# COMP9318 Lab2

## Instructions
1. This note book contains instructions for **COMP9318-Lab2**.

* You are required to complete your implementation in a file `submission.py` provided along with this notebook.

* You are only allowed to use **Python 3.6** for implementation.

* You are not allowed to print out unnecessary stuff. We will not consider any output printed out on the screen. All results should be returned in appropriate data structures return by corresponding functions.

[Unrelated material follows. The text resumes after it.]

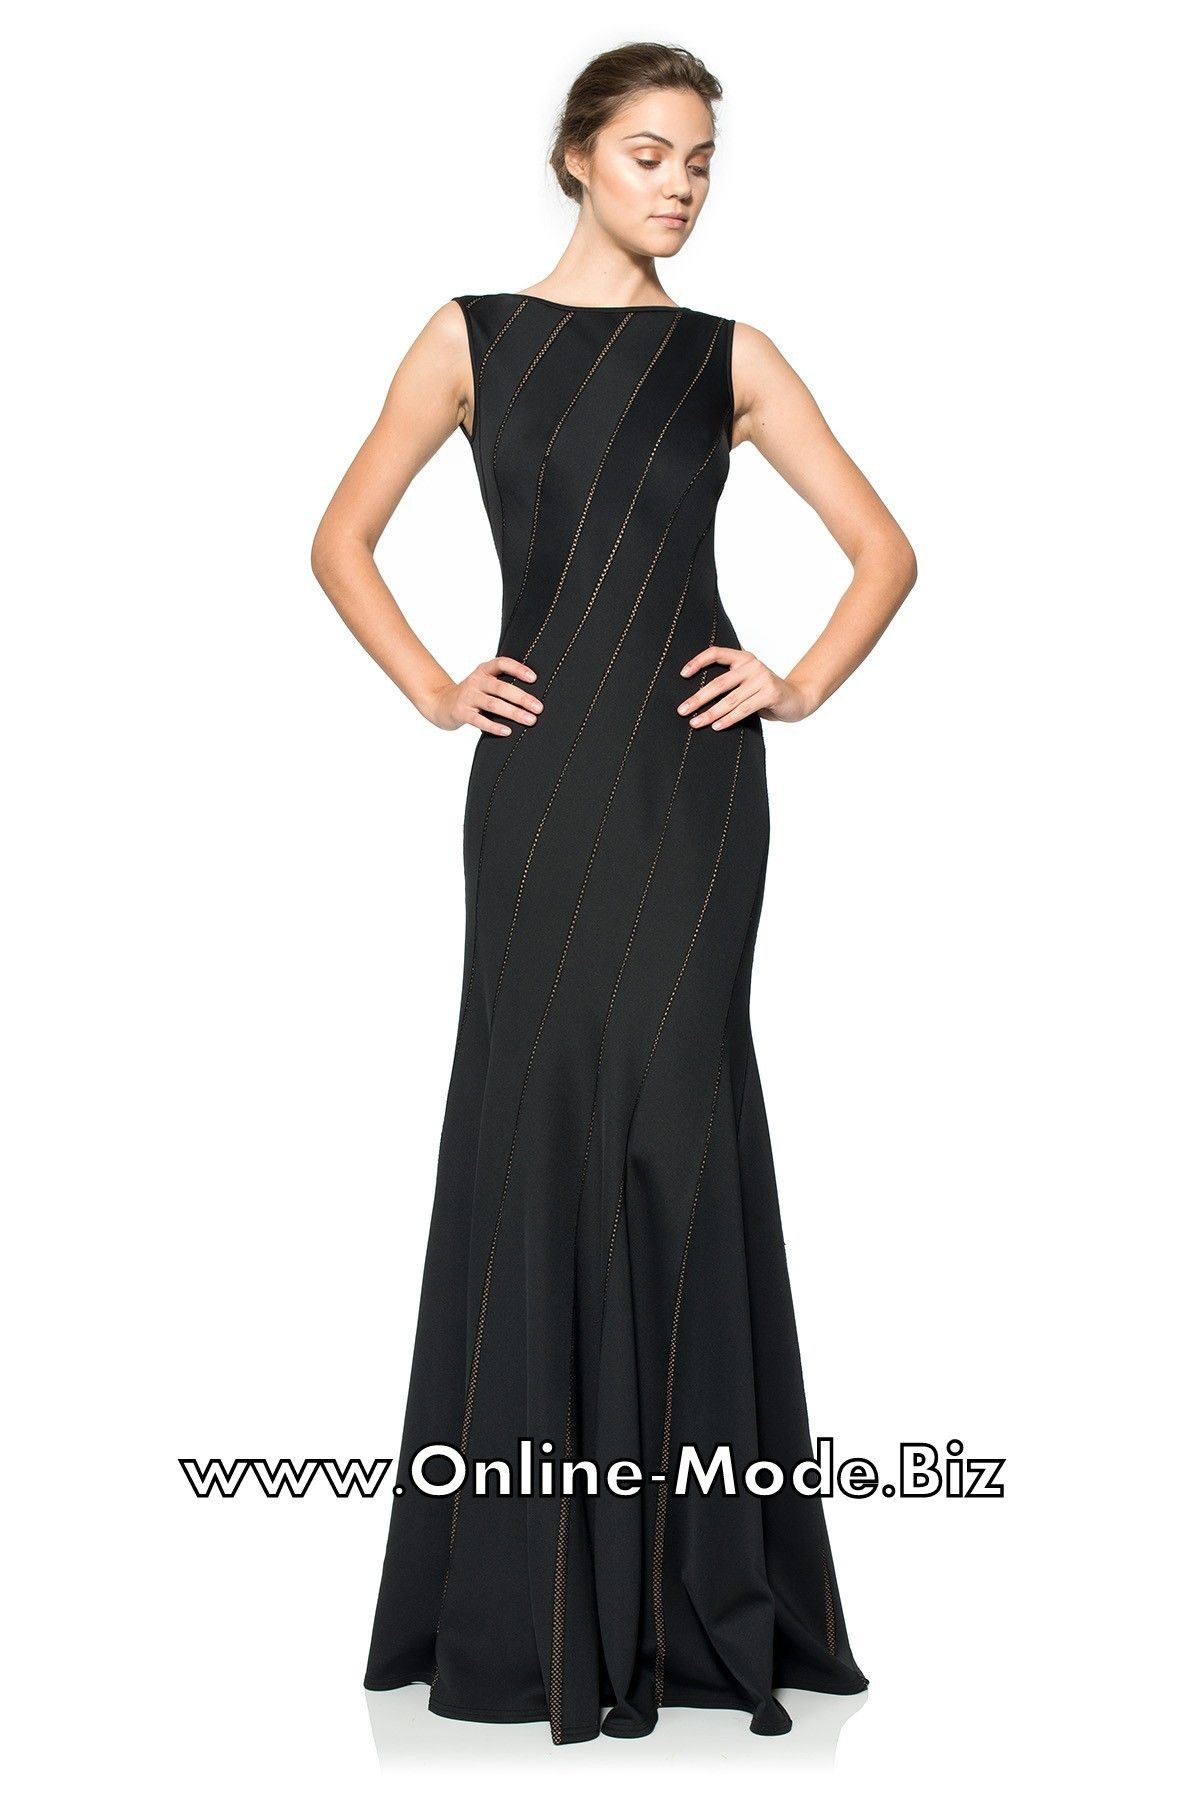 schwarzes abendkleid wanda bodenlang | bodenlange kleider

* You need to submit the code for **Lab2** via following link: https://kg.cse.unsw.edu.au/submit/

* For each question, we have provided you with detailed instructions along with question headings. In case of any problem, you can post your query @ Ed.

* If you choose to skip a question, leave the corresponding function body as it is (i.e., keep the `pass` line), otherwise it may affect your mark for other questions.

* You are allowed to add other functions and/or import additional modules (you may have to in this lab), but you are not allowed to define global variables. **Only functions are allowed** in `submission.py`. 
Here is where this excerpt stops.